Let's see how this works. Suppose you have data on four litters of puppies in which a severe type of muscular dystrophy has occurred. The litters show these phenotypic distributions:
Litter 1 -- three normal, two muscular dystrophy
Litter 2 -- one normal, two dystrophy
Litter 3 -- two normal, two dystrophy
Litter 4 -- three normal, two dystrophy.
You suspect this condition is a simple one-gene autosomal recessive. You have a total of 9 normal : 8 dystrophy. This is clearly not the three-to-one ratio expected for an autosomal recessive -- it fact, it looks a lot more like a 1 : 1 ratio. If you do a normal chi-square test on these data, here's what you will get::
| Phenotypes | Observed (O) | Expected (E) | Difference (d) | d2 | d2 / E |
| Normal | 9 | 12.75 | 3.75 | 14.06 | 1.10 |
| Dystrophy | 8 | 4.25 | 3.75 | 14.06 | 3.31 |
| Total | 17 | 4.41 |
This chi-square number, if you check the table, is too high to confirm your hypothesis of autosomal recessive inheritance. It looks like your first guess was wrong.

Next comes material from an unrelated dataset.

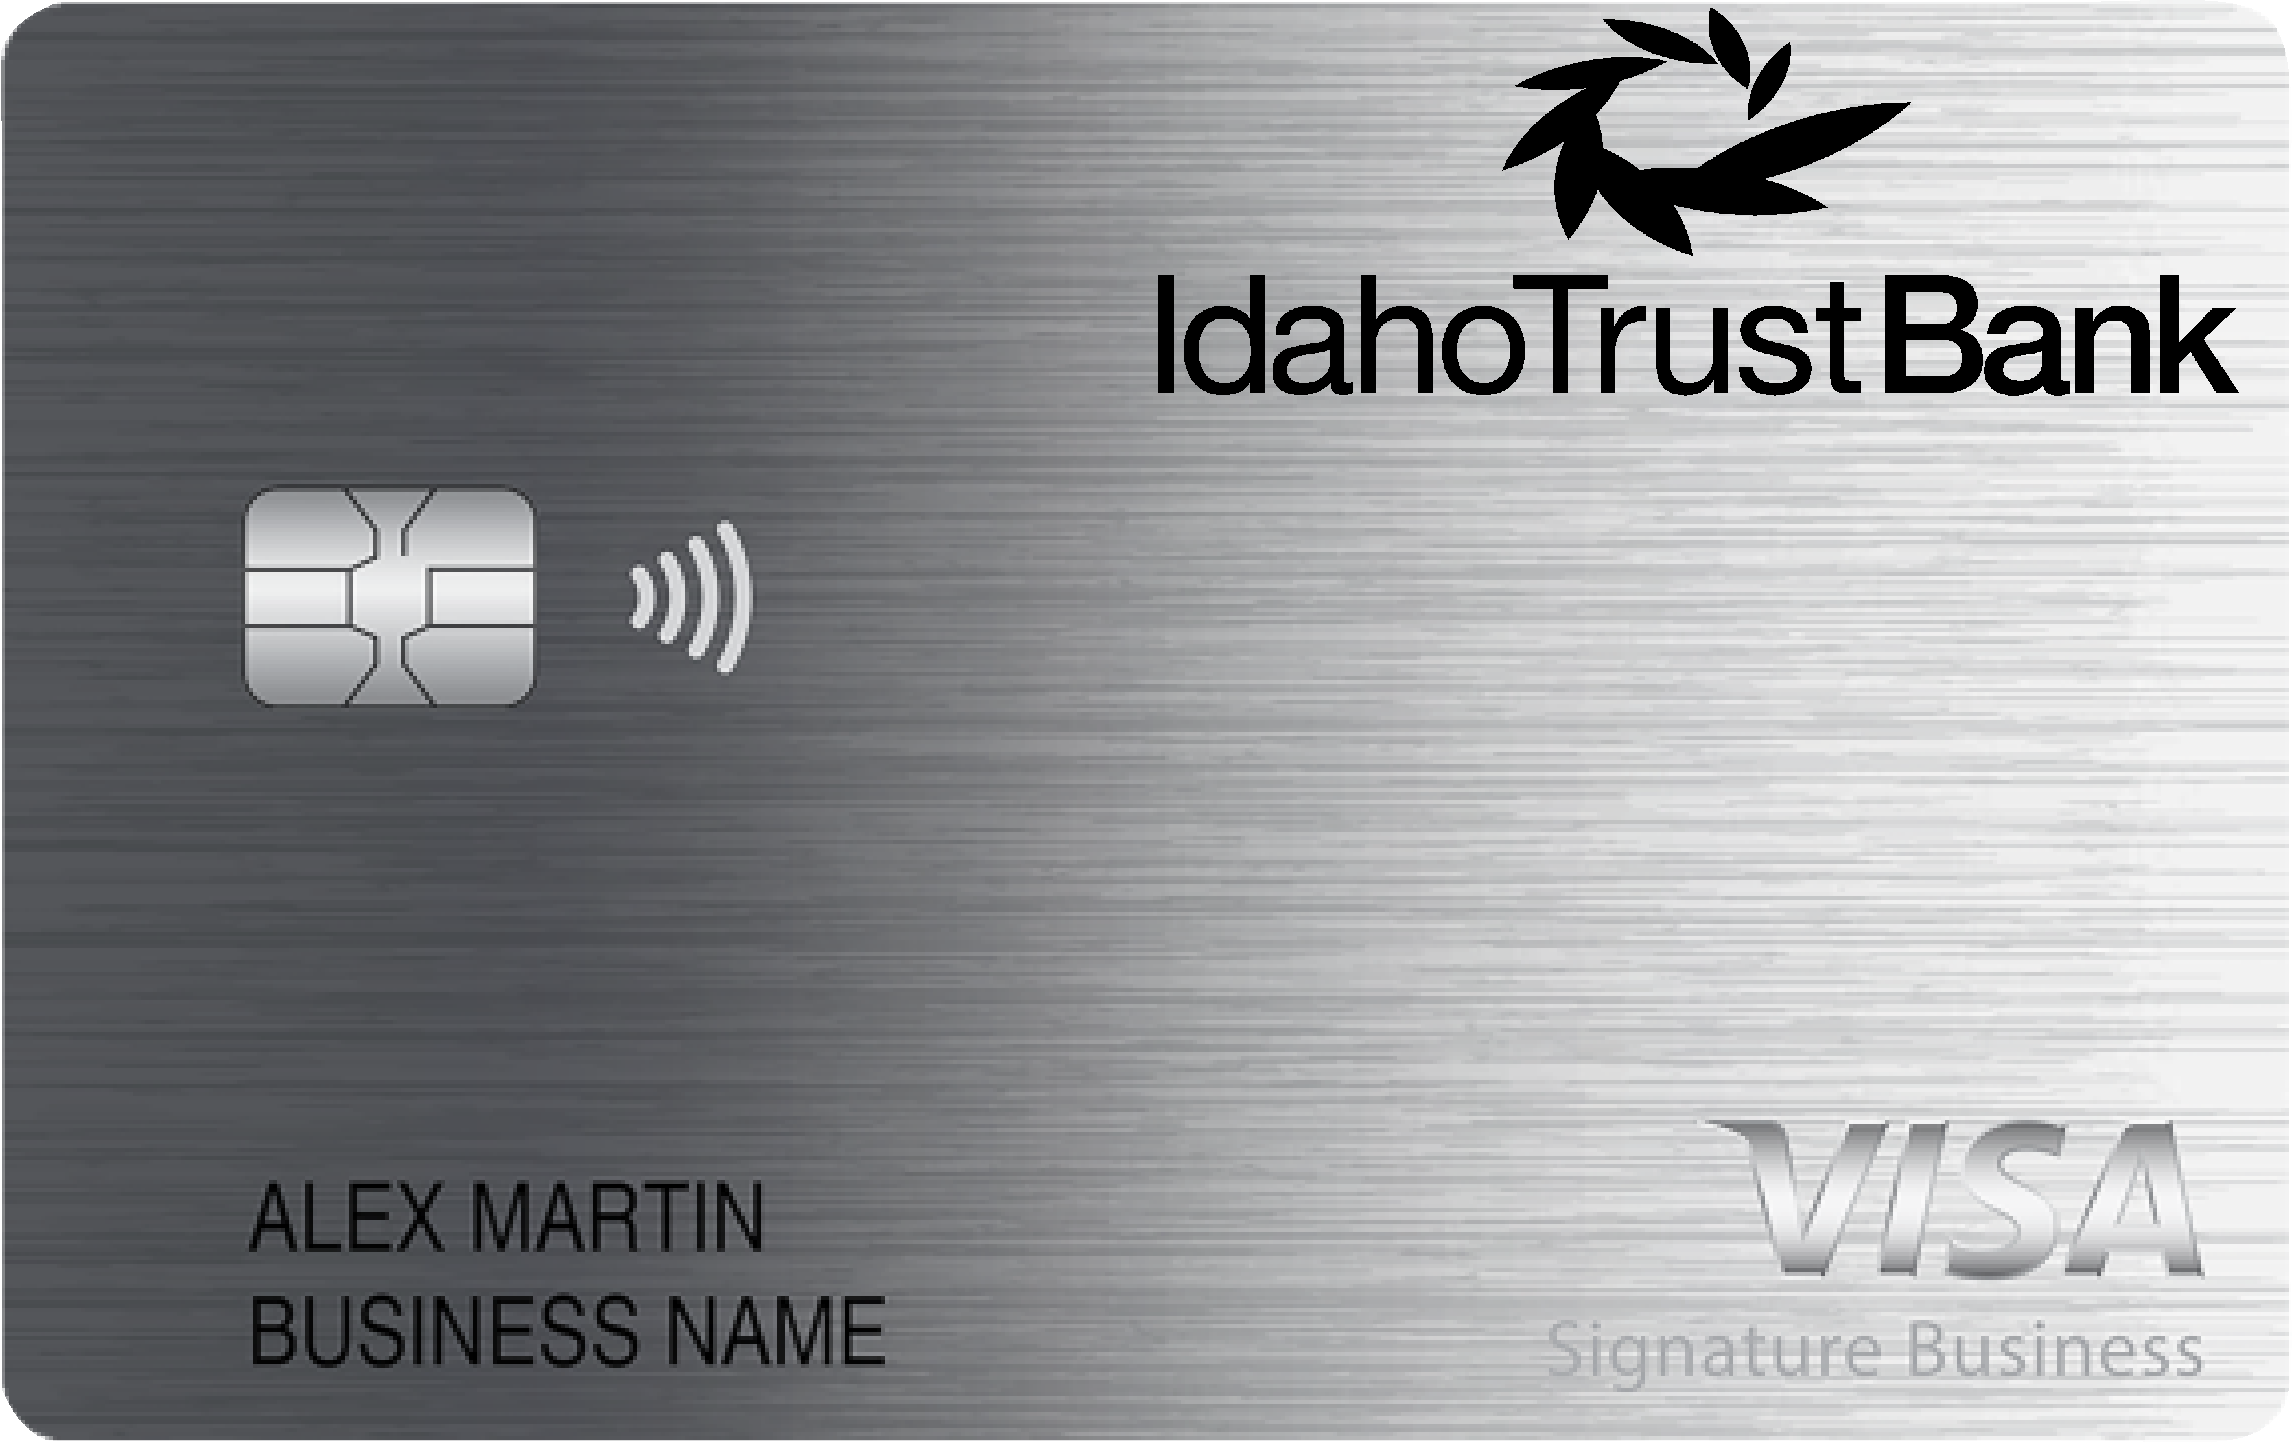 Idaho Trust Bank Smart Business Rewards Card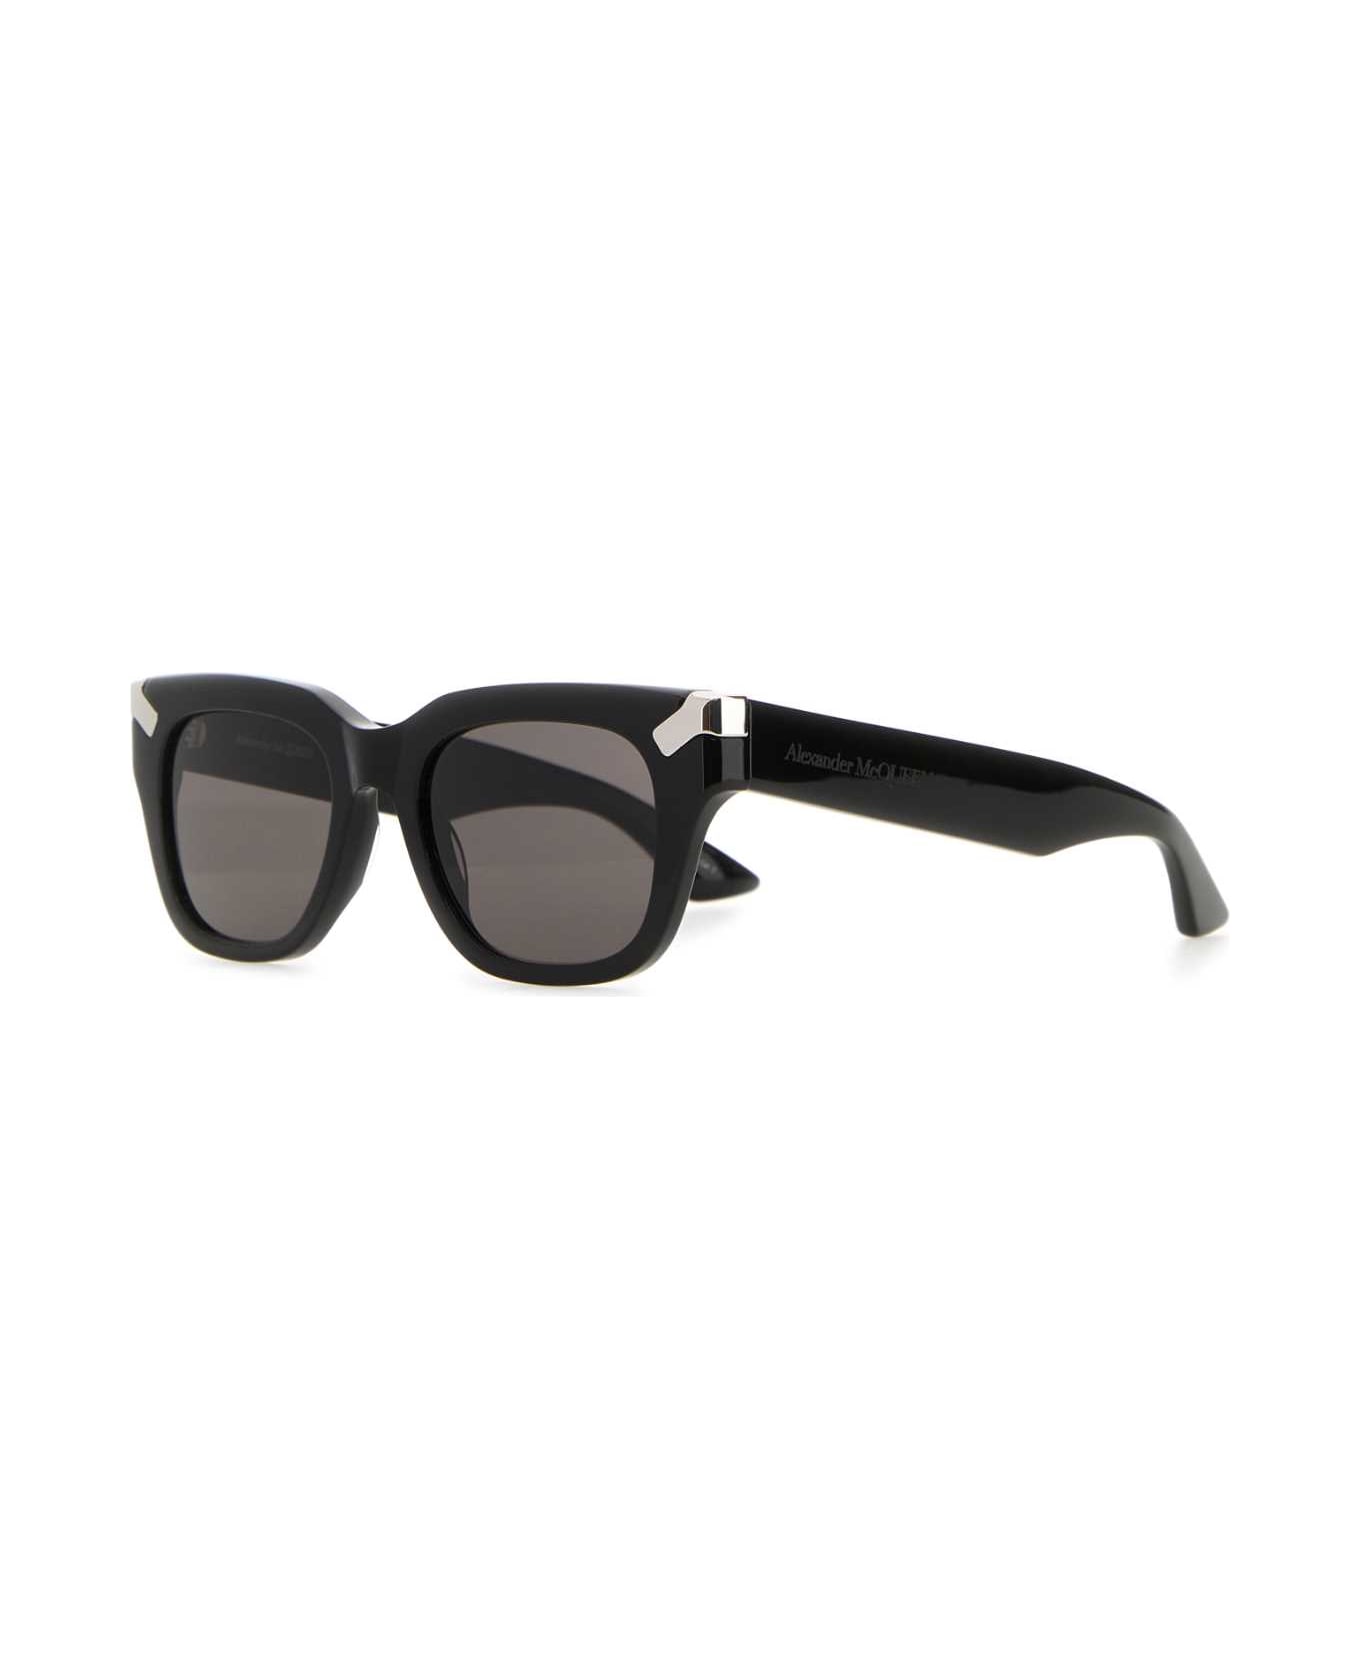 Alexander McQueen Black Acetate Punk Rivet Sunglasses - SOLIDGREY

However, if you remember that you should correct for the possibility that you missed litters in which, by chance, no affected puppies appeared, you will apply the above correction factors for each litter::
| Litter | Affected, Observed | Affected, Expected (uncorrected) | Affected, Expected (corrected) |
| Litter one (five pups) | 2 | 1.25 | 1.640 |
| Litter two (three pups) | 2 | 0.75 | 1.297 |
| Litter three (four pups) | 2 | 1.00 | 1.463 |
| Litter four (five pups) | 2 |
1.25 |
1.640 |
| Total | 8 | 4.25 | 6.040 |
Notice how the corrected expected proportion is now closer to the observed proportion of affected puppies: that's what you would anticipate, if you were under-counting normal puppies. Let's take this corrected proportion and do the same chi-square test. We'll get the corrected expected proportion of normal puppies by subtracting the corrected dystrophy proportion from the total number of 17 puppies (17 - 6.04 = 10.96) and then go on as before:
| Phenotypes | Observed (O) | Expected (E) | Difference (d) | d2 | d2 / E |
| Normal | 9 | 10.96 | 1.96 | 3.84 | 0.35 |
| Dystrophy | 8 | 6.04 | 1.96 | 3.84 | 0.64 |
| Total | 17 | 0.98 |
There, wasn't that simple? And now our chi-square number, 0.98, is much smaller. This result now shows no difference between expected and observed: our hypothesis is now, corrected, supported by our data. This doesn't mean that it is true, but it means that it could be true. There are other things you as a breeder could now do to establish that this really is a single-gene recessive trait.